/---

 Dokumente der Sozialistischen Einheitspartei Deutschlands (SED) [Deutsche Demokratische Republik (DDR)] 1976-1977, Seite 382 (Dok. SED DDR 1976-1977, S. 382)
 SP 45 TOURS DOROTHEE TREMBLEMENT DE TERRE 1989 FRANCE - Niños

\---
/---

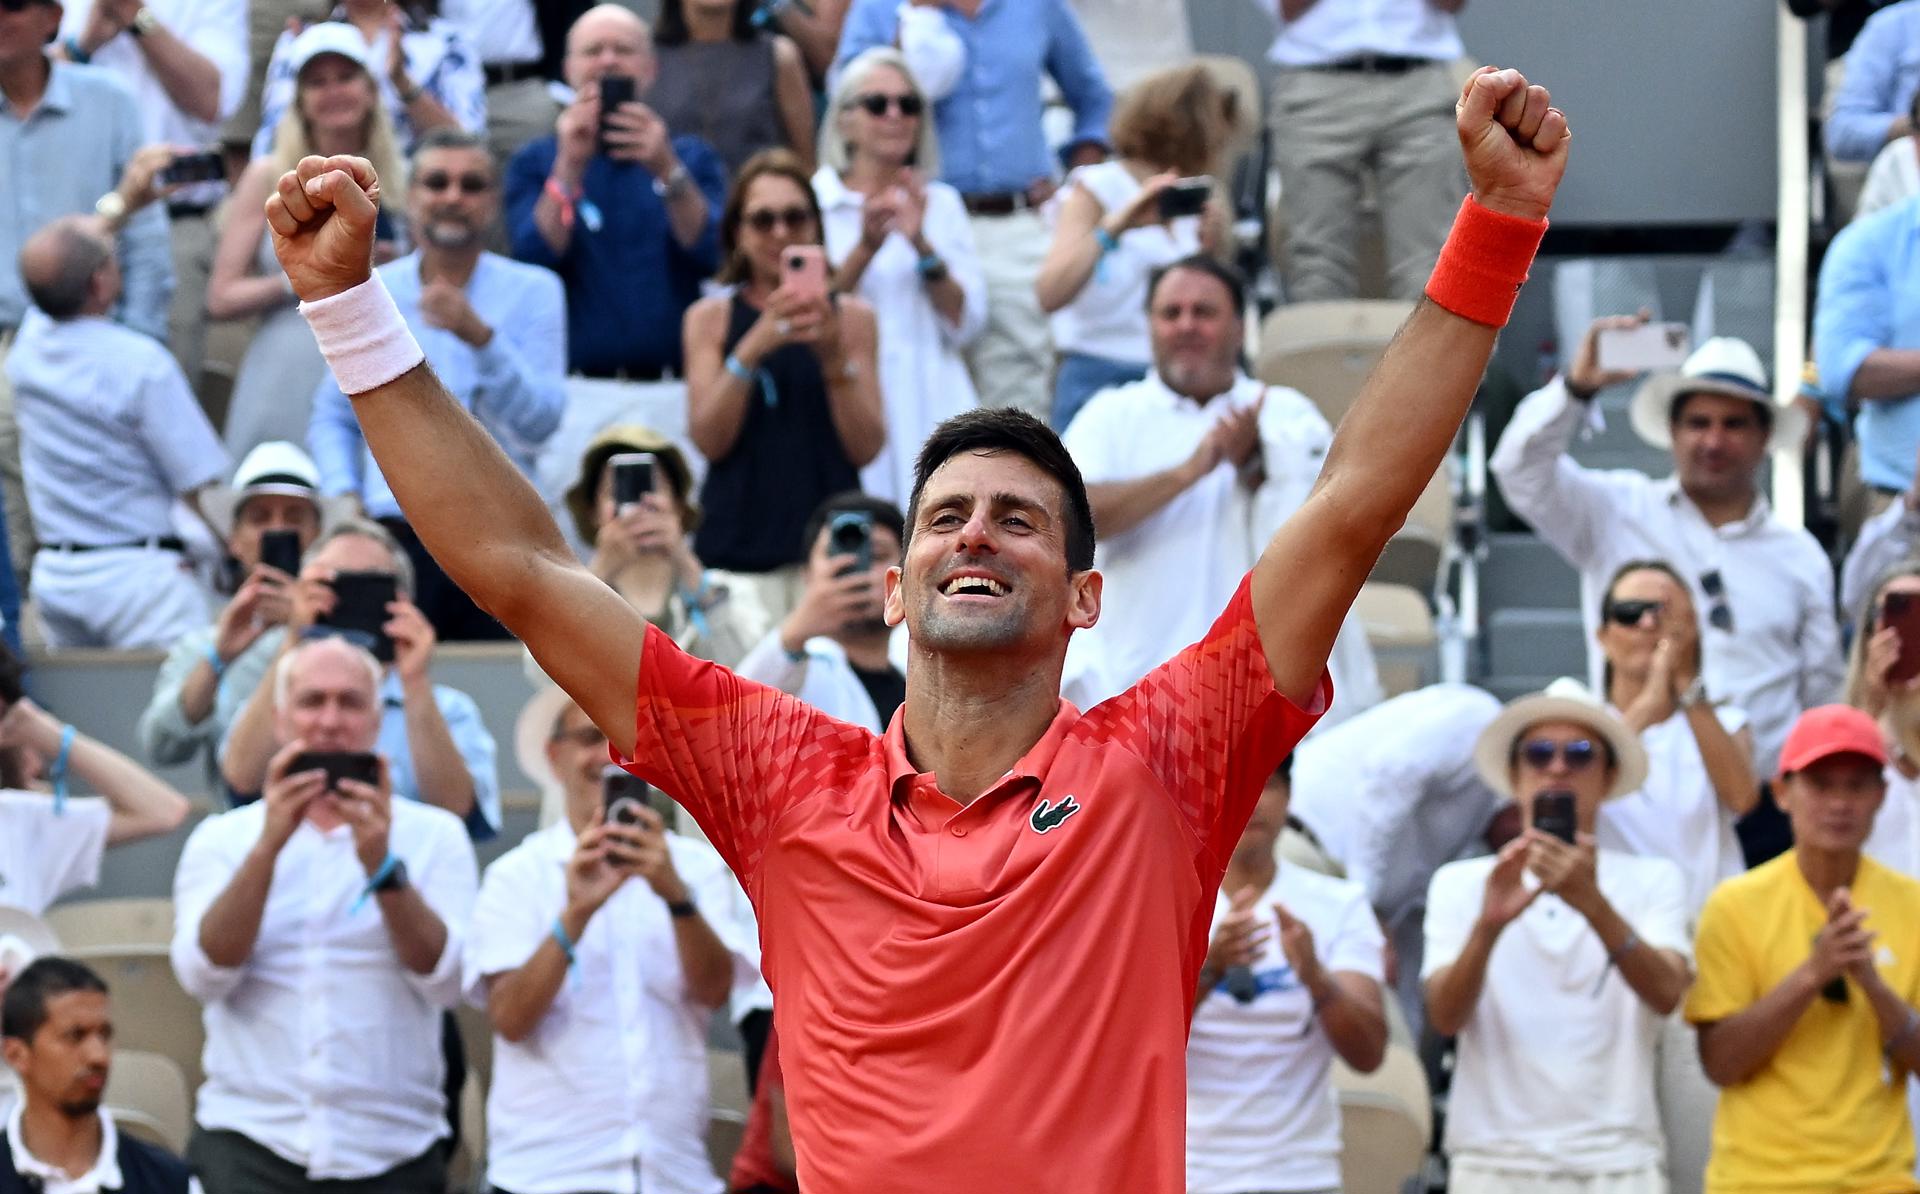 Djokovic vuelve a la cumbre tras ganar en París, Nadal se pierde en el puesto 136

\---

◆ **HOW TO COMPLETE THIS TASK**
Reproduce the entries above exactly, but only the lines between the line holding "Dokumente der Sozialistischen" and the line holding "SP 45 TOURS", inclusive.

◆ **TASK OUTPUT**
 Dokumente der Sozialistischen Einheitspartei Deutschlands (SED) [Deutsche Demokratische Republik (DDR)] 1976-1977, Seite 382 (Dok. SED DDR 1976-1977, S. 382)
 SP 45 TOURS DOROTHEE TREMBLEMENT DE TERRE 1989 FRANCE - Niños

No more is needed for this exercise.